Tag: Christmas Extravaganza

Christ is the Answer, Guest Post by Kathleen Bailey

I’m so excited to welcome fellow historical romance author, Kathleen D. Bailey, back to Romancing History. Kathleen has a timely message for us about how the Babe of Bethlehem is the answer the world needs, at Christmas, and throughout the year.

Kathleen’s newest release, The Widow’s Christmas Miracle, is part of Pelican Book Group’s Christmas Extravaganza. Here’s a little bit about her new release. Kathleen is also giving away an e-Book copy of The Widow’s Christmas Miracle and a New England Gift pack to one Romancing History reader. Give away details are at the bottom of the post.


From the Back Cover

Red Dawn’s world was shattered in a single vengeful act, an act that brought her to into the home of the enemy. She couldn’t love a white man, not after what they did to her people. Could she?

After losing a limb serving his country, Laban Jones has built a life from nothing. He’s got more than he dares ask for, but what woman would accept a one-legged husband?
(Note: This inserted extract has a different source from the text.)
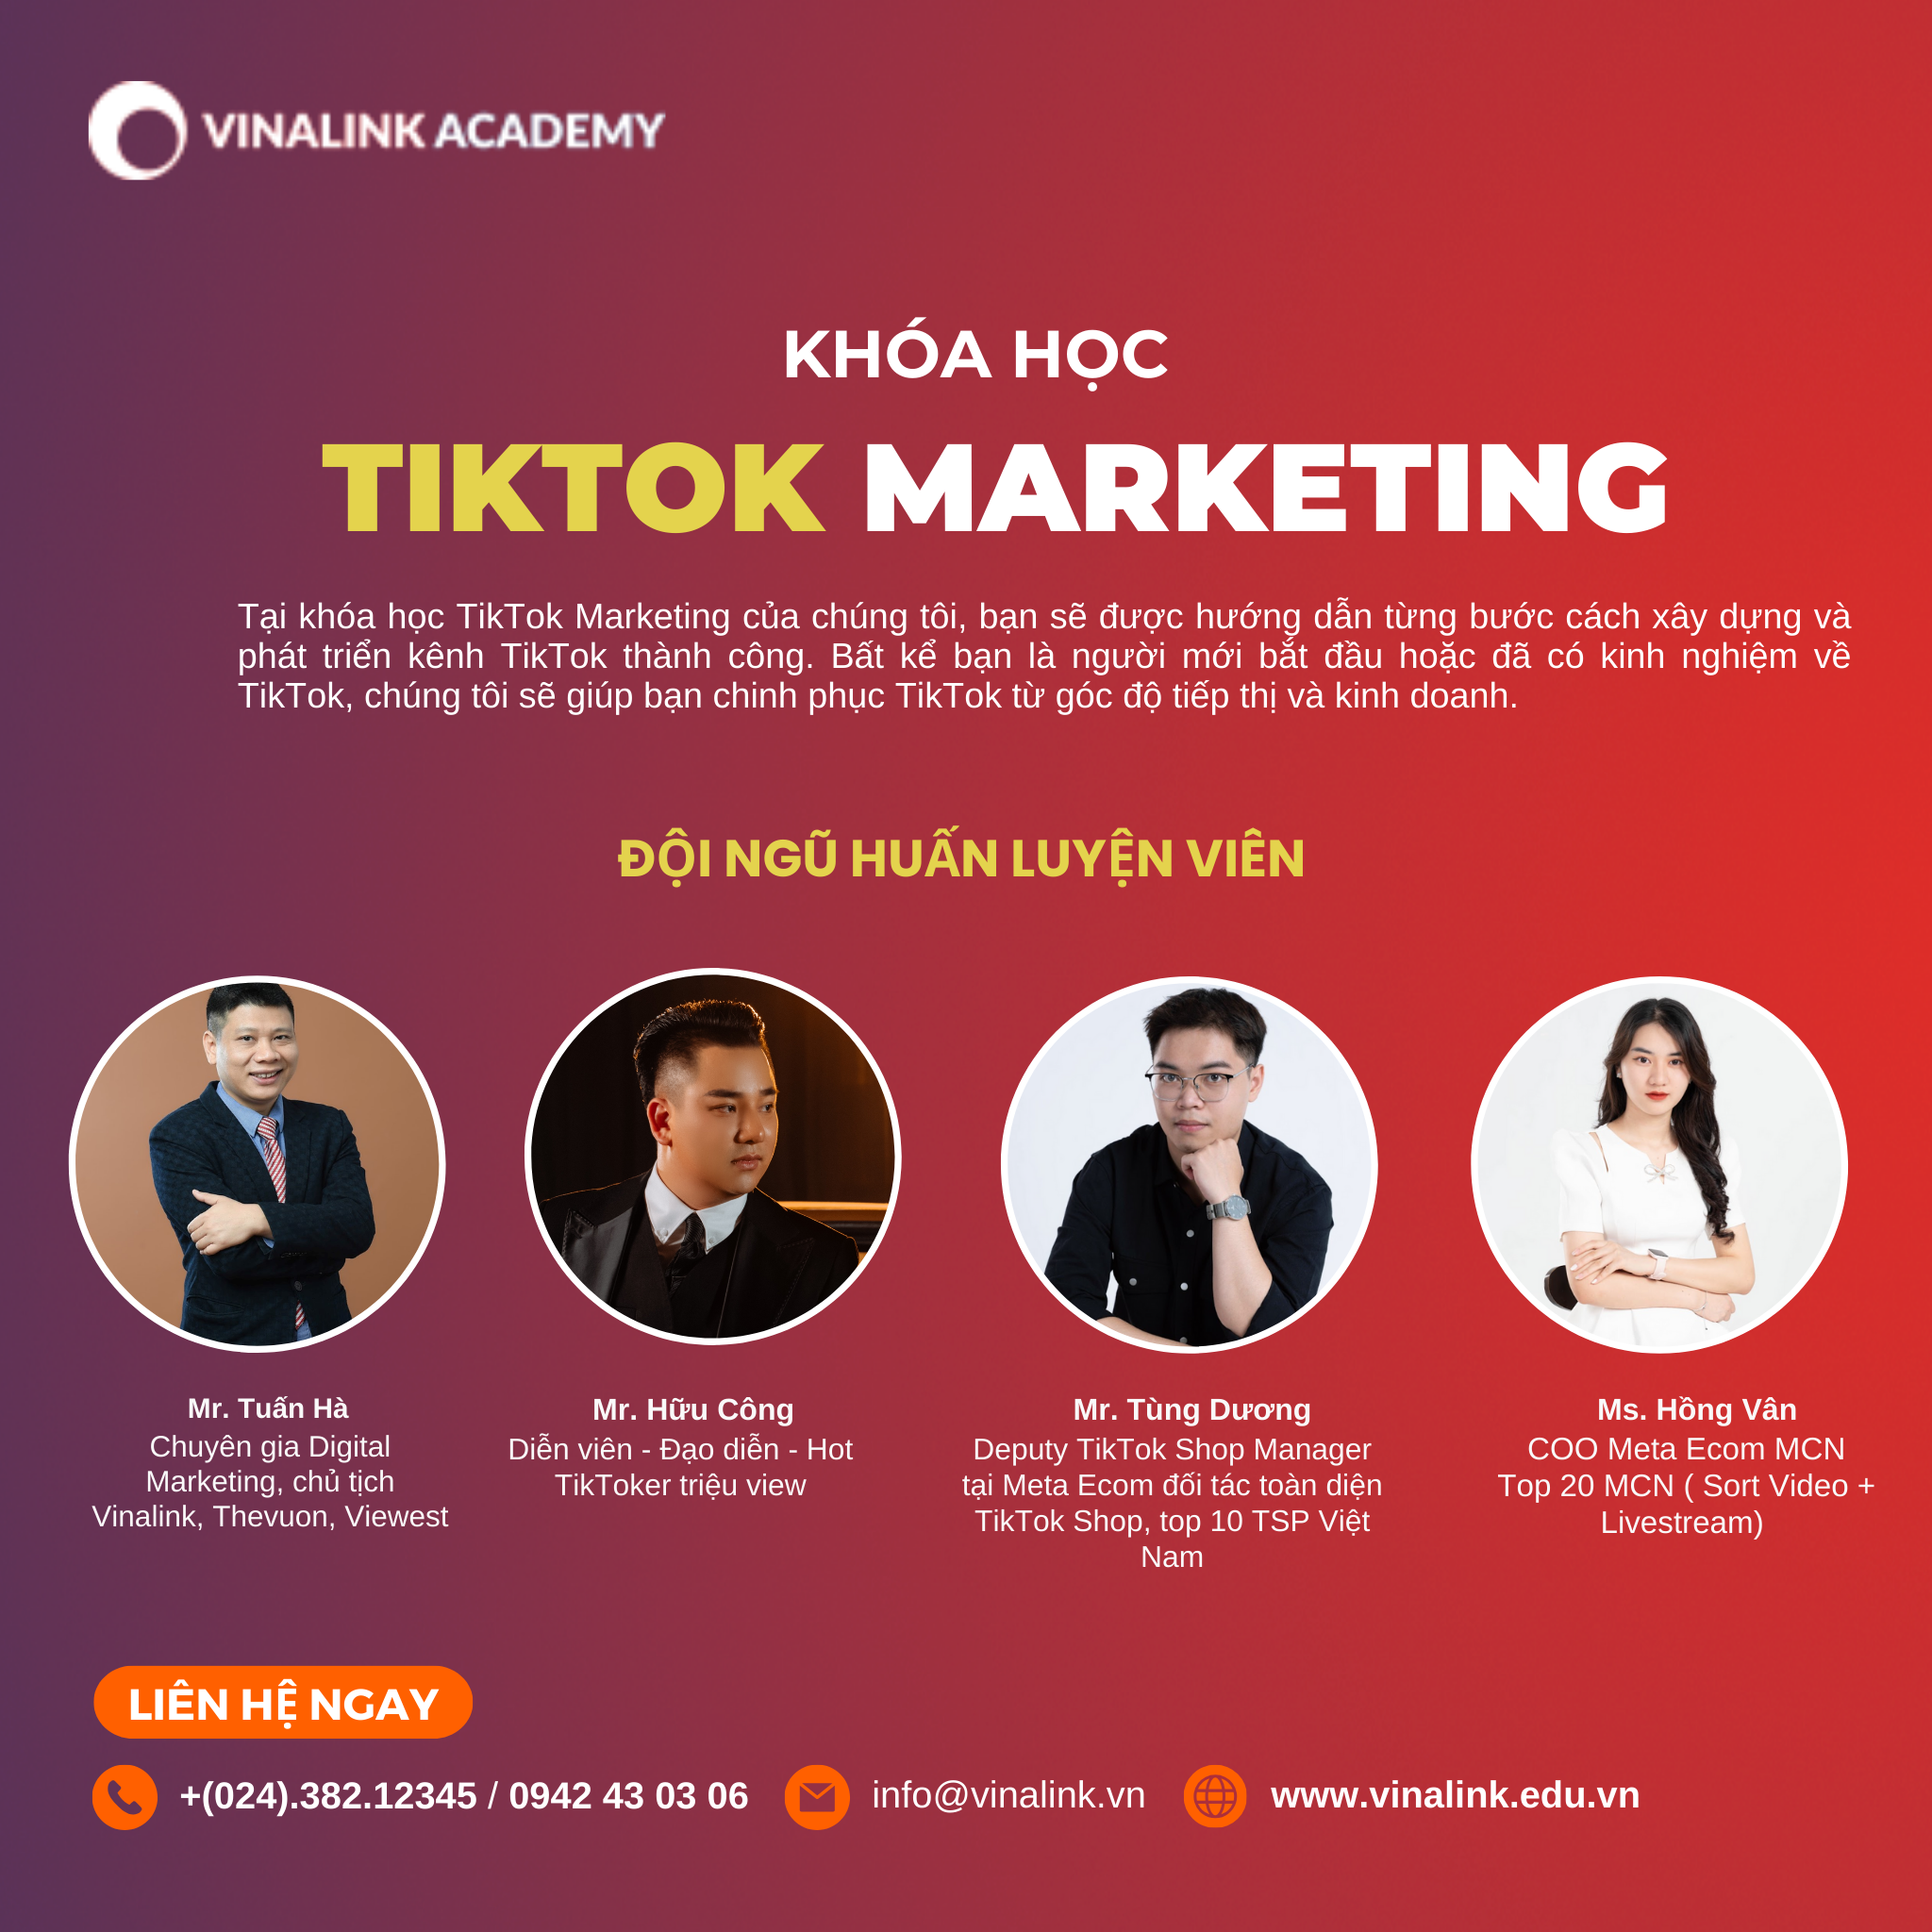 Khoá học Tiktok Marketing của Vinalink Academy

Can he offer Red Dawn three-quarters of a man, and will she be content with that? The answer they receive on a Christmas Eve is a miracle neither will ever forget.
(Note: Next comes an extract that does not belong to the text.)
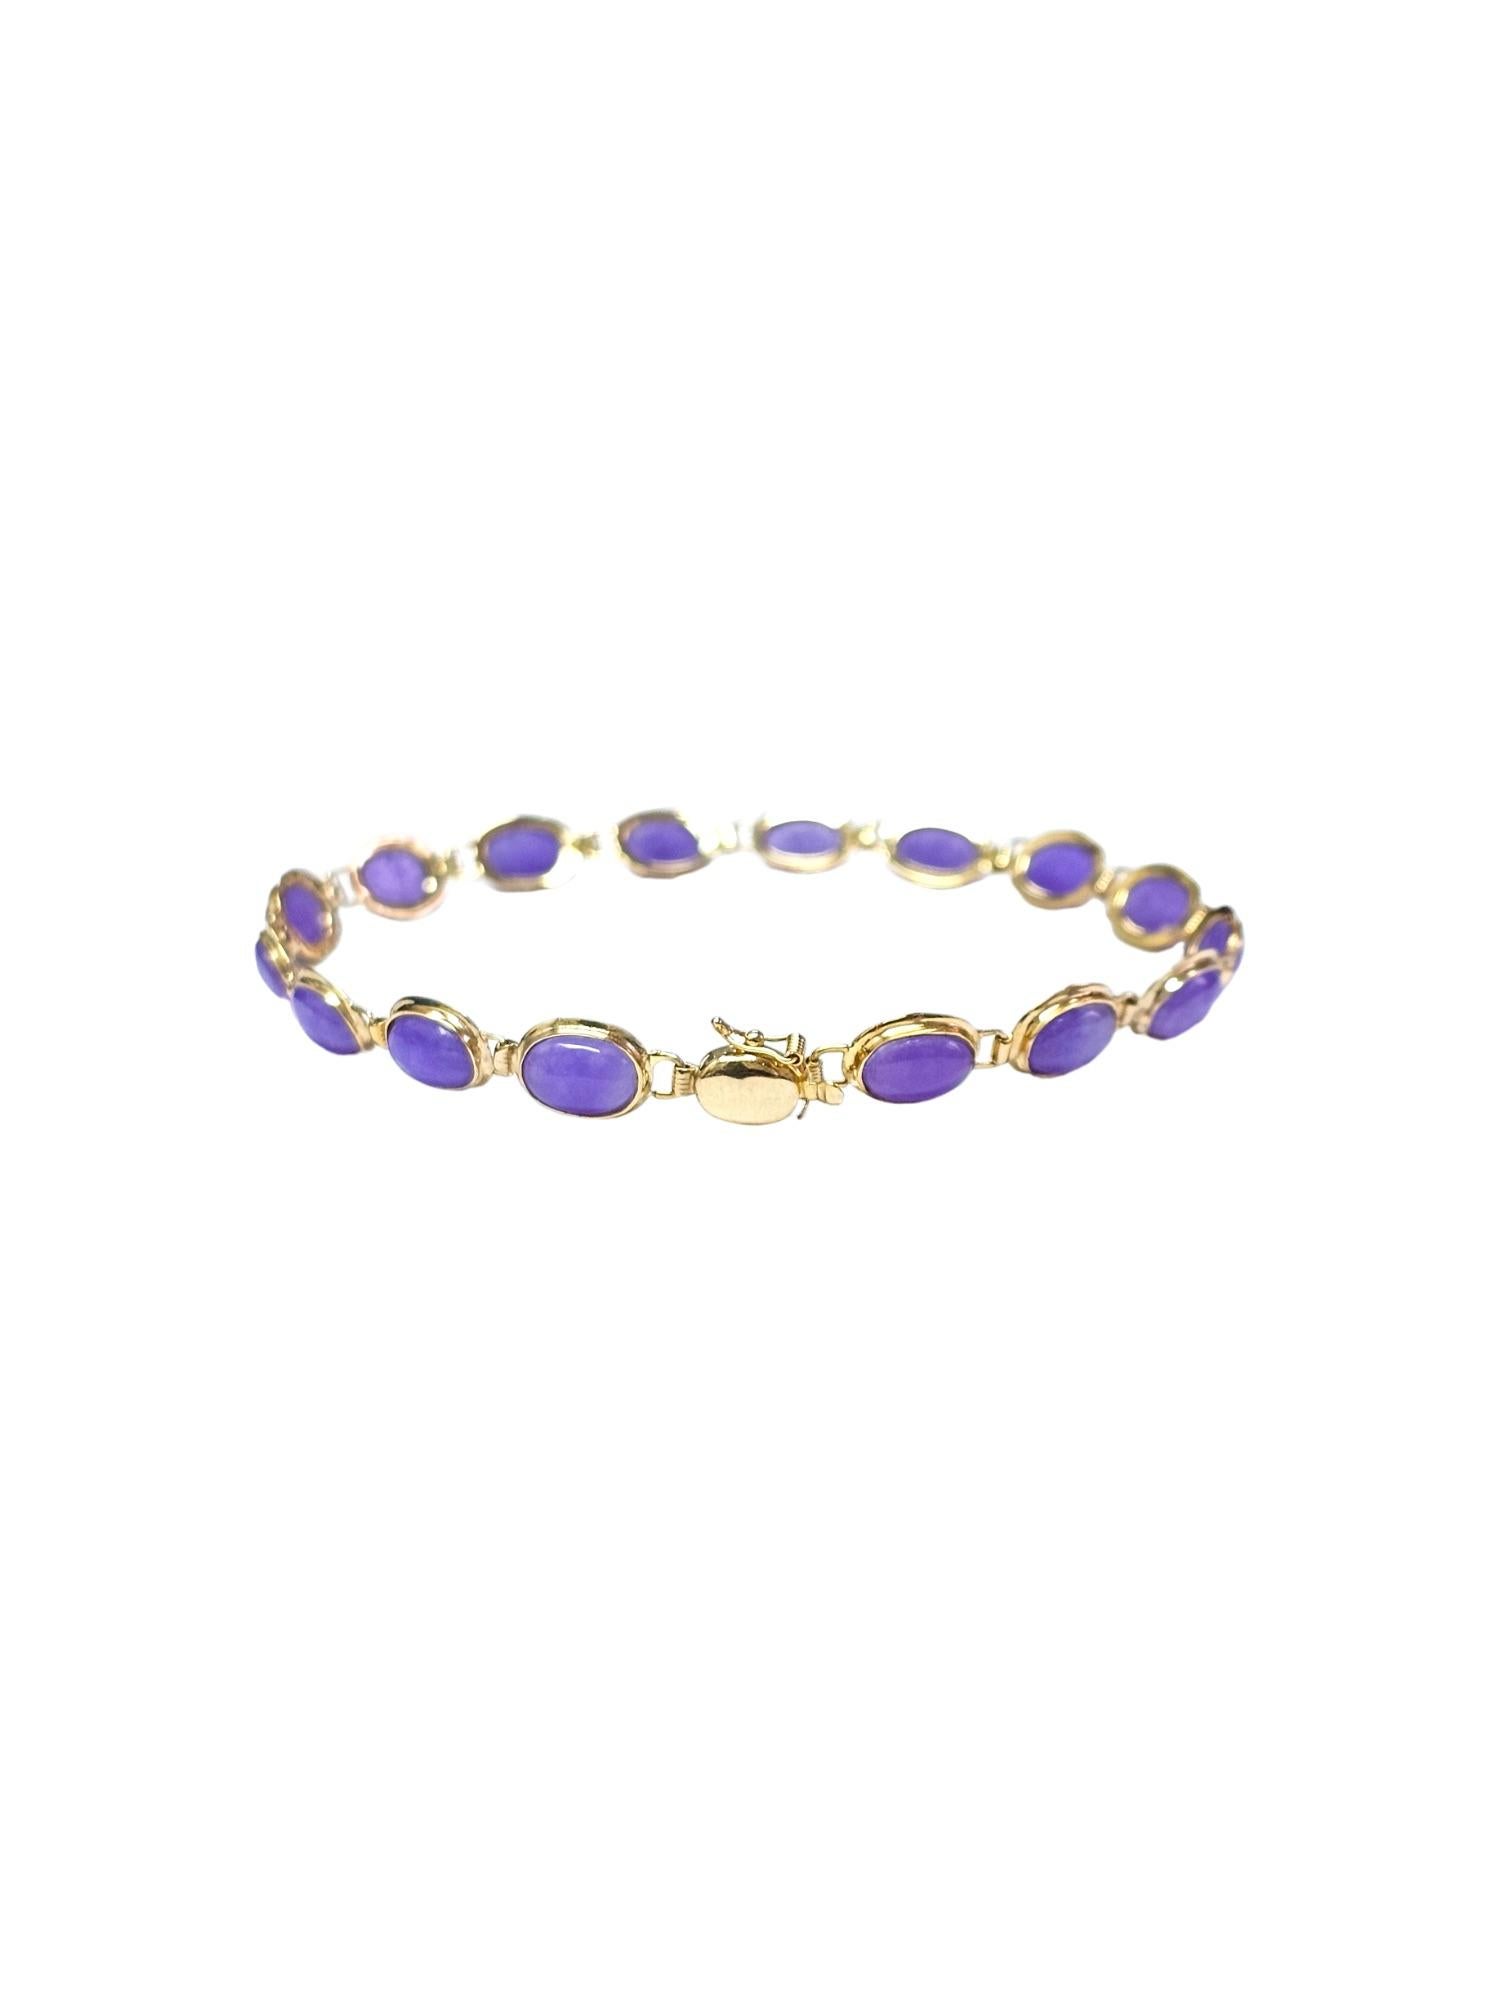 Tibetan Purple Lavender Jadeite Beaded Bracelet (with 14K Solid Yellow Gold) For Sale 1

“The Widow’s Christmas Miracle” is part of Pelican’s “Christmas Extravaganza” and is available at Pelican Book Group and Amazon.

 


Christ is the Answer

by Kathleen D. Bailey

 

“The people who walked in darkness have seen a great light.”

The Babe of Bethlehem is placed under the Last Supper in the Chapel at Our Lady of La Salette, Enfield, NH.

It’s never been easy to be a Jew, and it wasn’t easy in 1 BC. Rome controlled Israel and every aspect of Jewish life, from taxes to burden-bearing. The people longed for deliverance. There was poverty, especially after the Jews paid their taxes. There was corruption, as the local and regional officials took a piece of those taxes. And those earlier days had their own plagues and diseases, including the dreaded leprosy, which could devastate a family for generations.

“And the angel said to them, ‘Fear not. For unto you is born this day in the city of David a Savior which is Christ the Lord.”

But the Gentile world also longed for a deliverer. Many had had their fill of the made-up gods who weren’t any better than the humans who followed them…the gods who cheated and manipulated and rutted like animals and exploited humanity. They wanted something better. They wanted something real. Learned men from an Eastern land were pretty sure they’d found it. Or Him.

“When they saw the star, they rejoiced with great joy.”

We live in a world with its own corruption and unfairness. The Coronavirus changed the world as we knew it, every facet of modern life, from ordering a coffee to visiting a loved one in long-term care. Our world has suffered a sea-change, which has left many of us struggling to reach a life preserver.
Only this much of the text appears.